Will DNA storage technology be the future direction of sustainable storage?

Last Update Time: 2021-04-16 10:35:33

When humanity enters the era of explosive data growth, DNA storage technology as a potential unlimited storage method in the future may open a new era of data storage.

After years of development in the mobile Internet, the global coverage population has exceeded the 4 billion mark, and Internet application services such as chat software, short videos, online shopping, and search engines generate a large amount of data every day. With the advent of the 5G era, the popularity of sensors and various digital terminal devices will create a world of interconnected things, and mean that a new round of digital torrents will also surge.

According to IDC's forecast by the international organization, the global data generation volume will rapidly increase from 33ZB (Zebyte) in 2018 to 175ZB in 2025. 1ZB is equivalent to approximately 1 billion TB (terabyte) of data storage.
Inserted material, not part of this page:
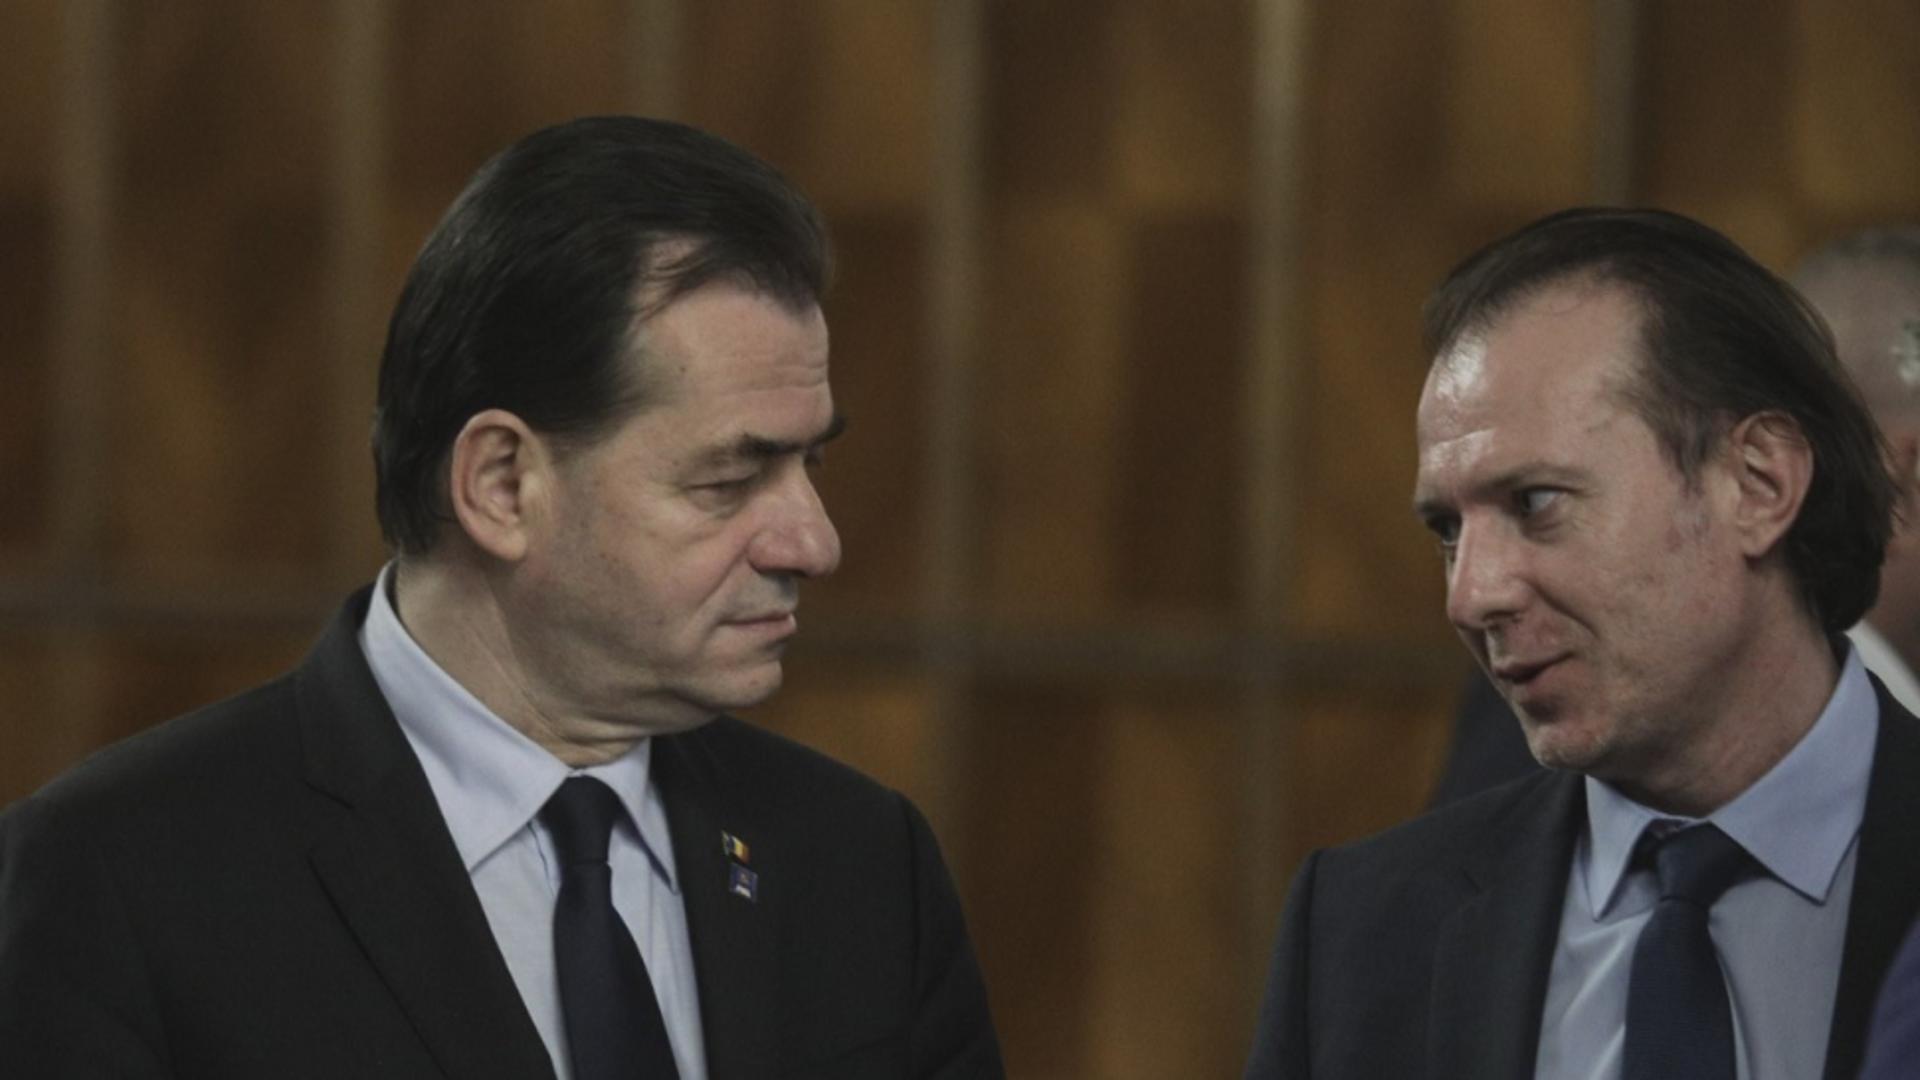 Florin Cîțu și Ludovic Orban, PNL Foto: INQUAM
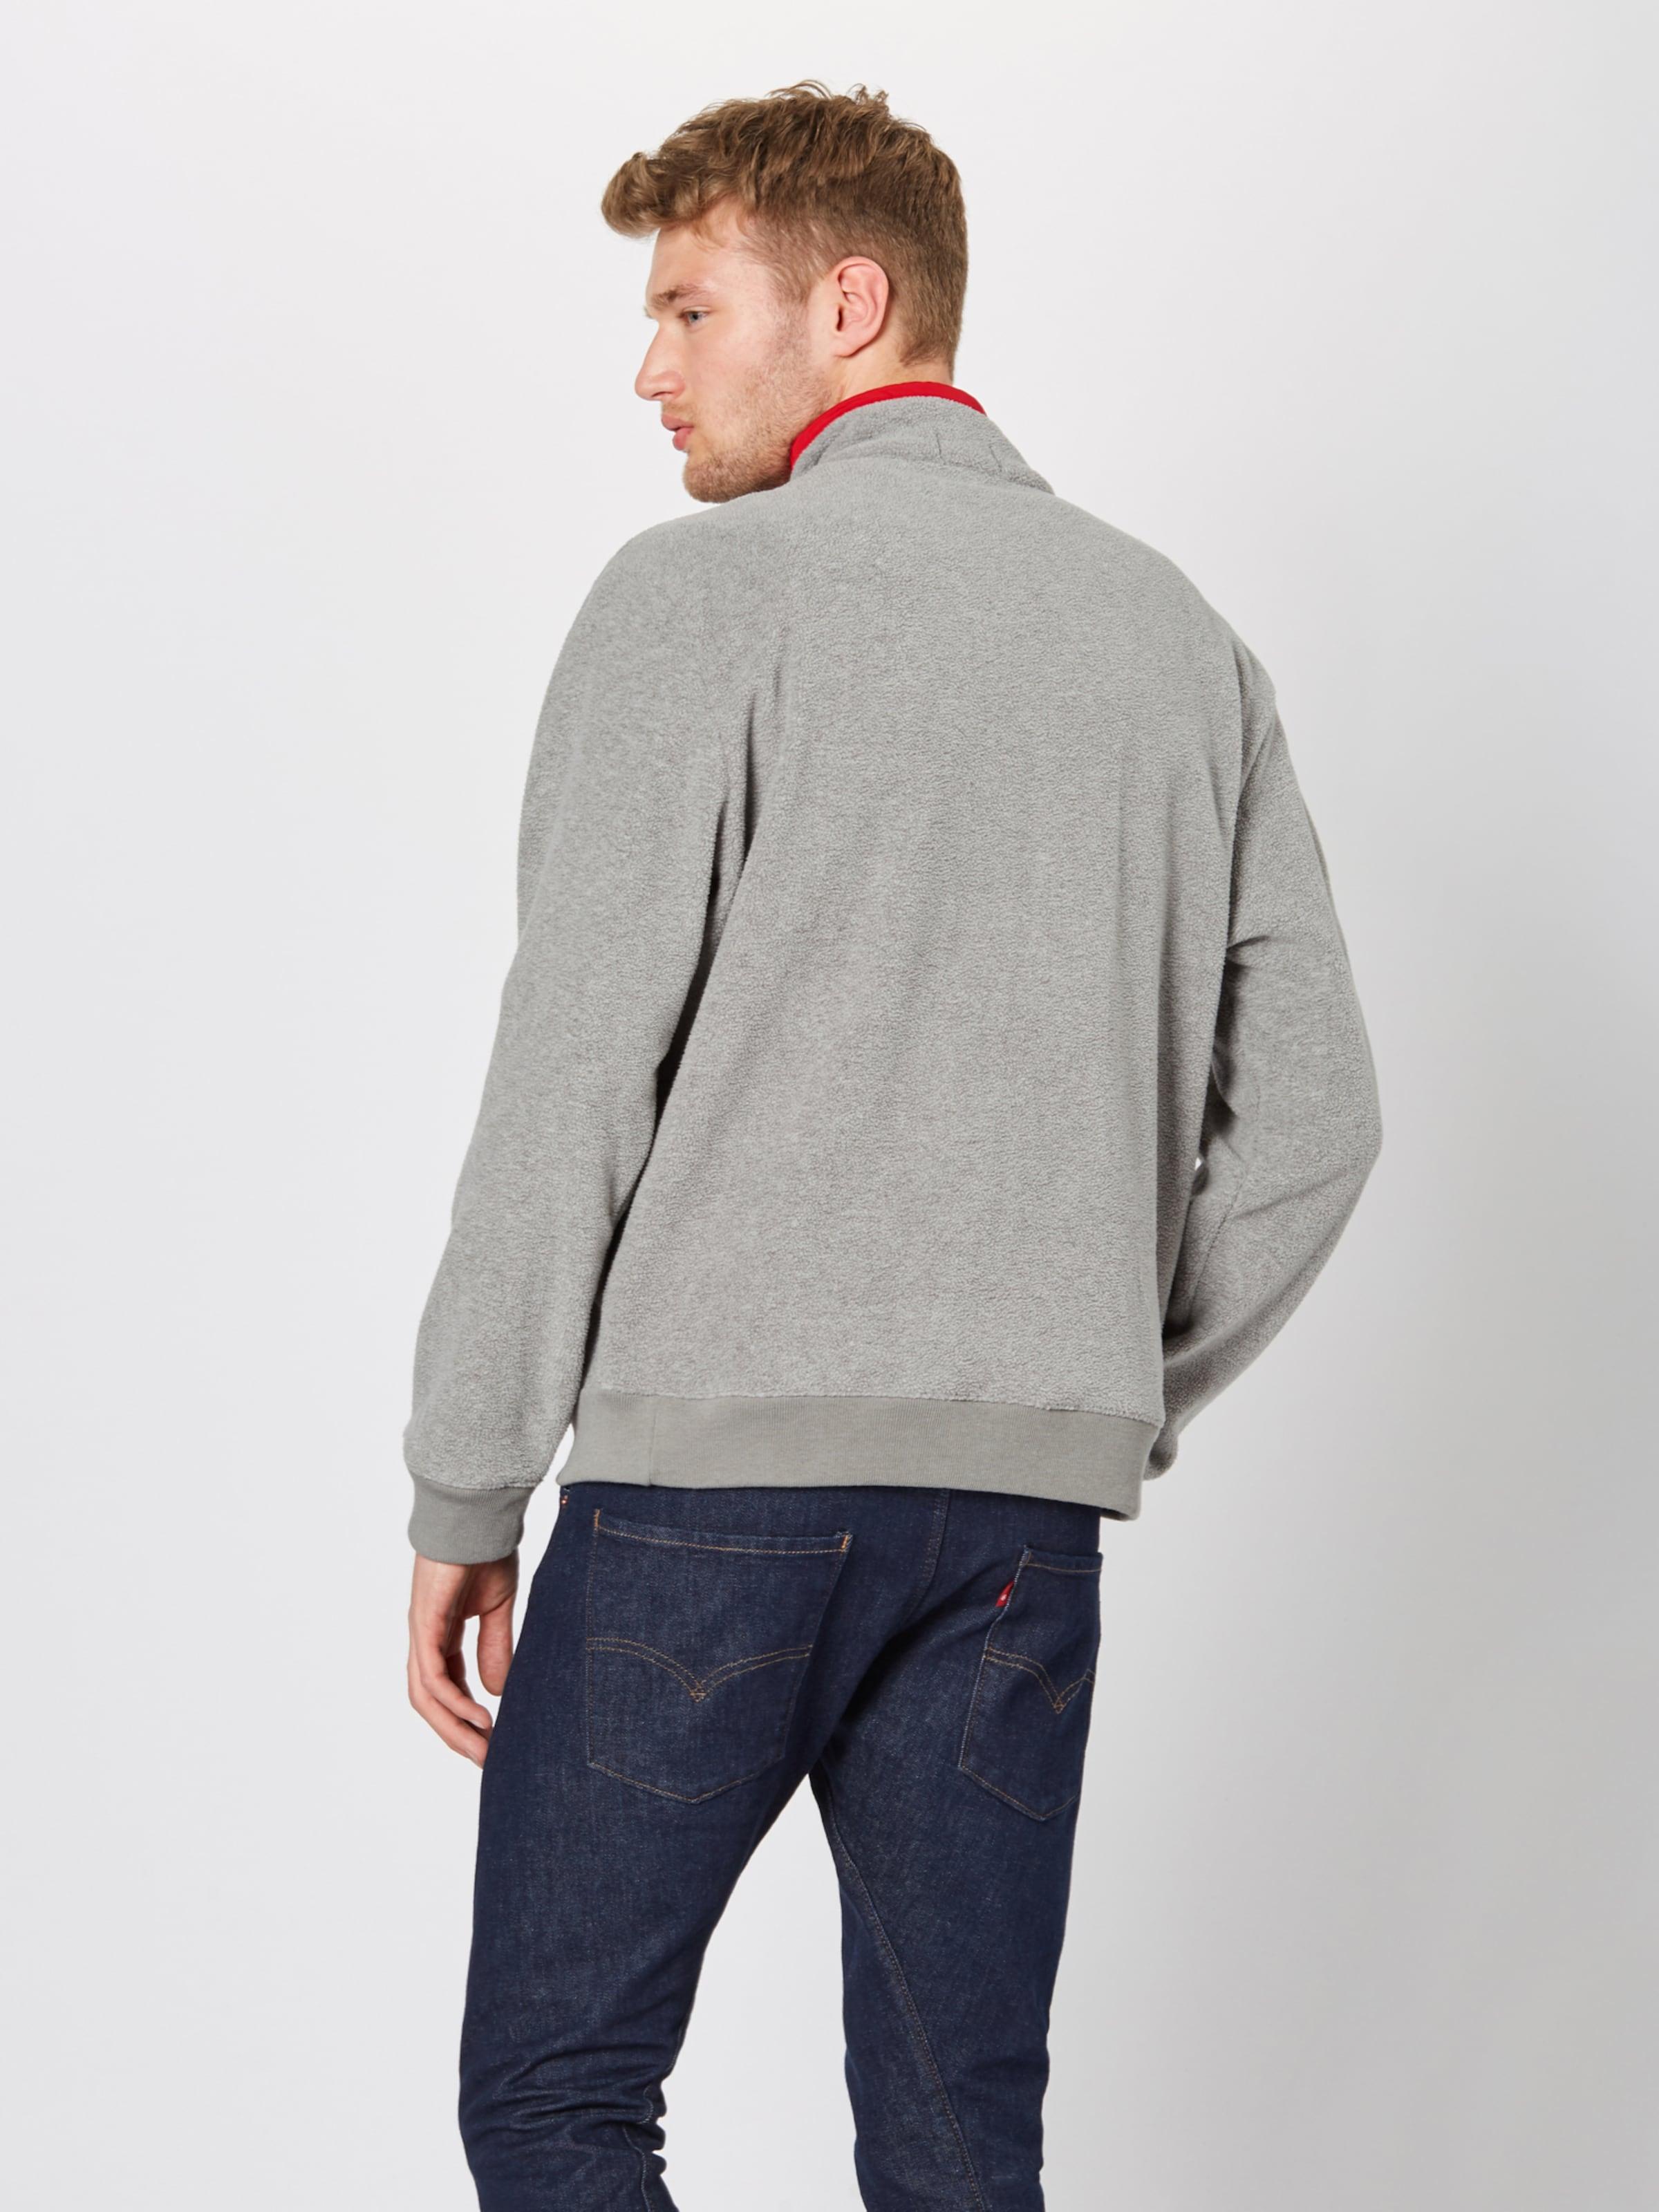 Polo knit' 'lshzm1 Dunkelgrau In long Sleeve Ralph Sweatshirt Lauren kTZwXOPui

It will have an impact on the construction of global data centers and will also challenge the storage of data. According to the largest single hard disk data storage capacity conversion, at least about 12 billion hard disks are required to store all 175ZB data. According to the IDEMA (International Disk Drive Equipment Manufacturers Association) research report, the global solid state hard disk shipments in 2018 were approximately 170 million.

Judging from the current speed of data generation, by 2040 the world will need at least one million tons of silicon-based chips to store the data generated in that year. Within less than 100 years, the magnetic storage system or optical storage system used now will be Reached the upper limit of capacity. Therefore, in the near future, storage hard drives will usher in rapid growth in demand, but in the long run, global data storage will face a severe test, which will have to create sustainable storage media and new storage alternatives.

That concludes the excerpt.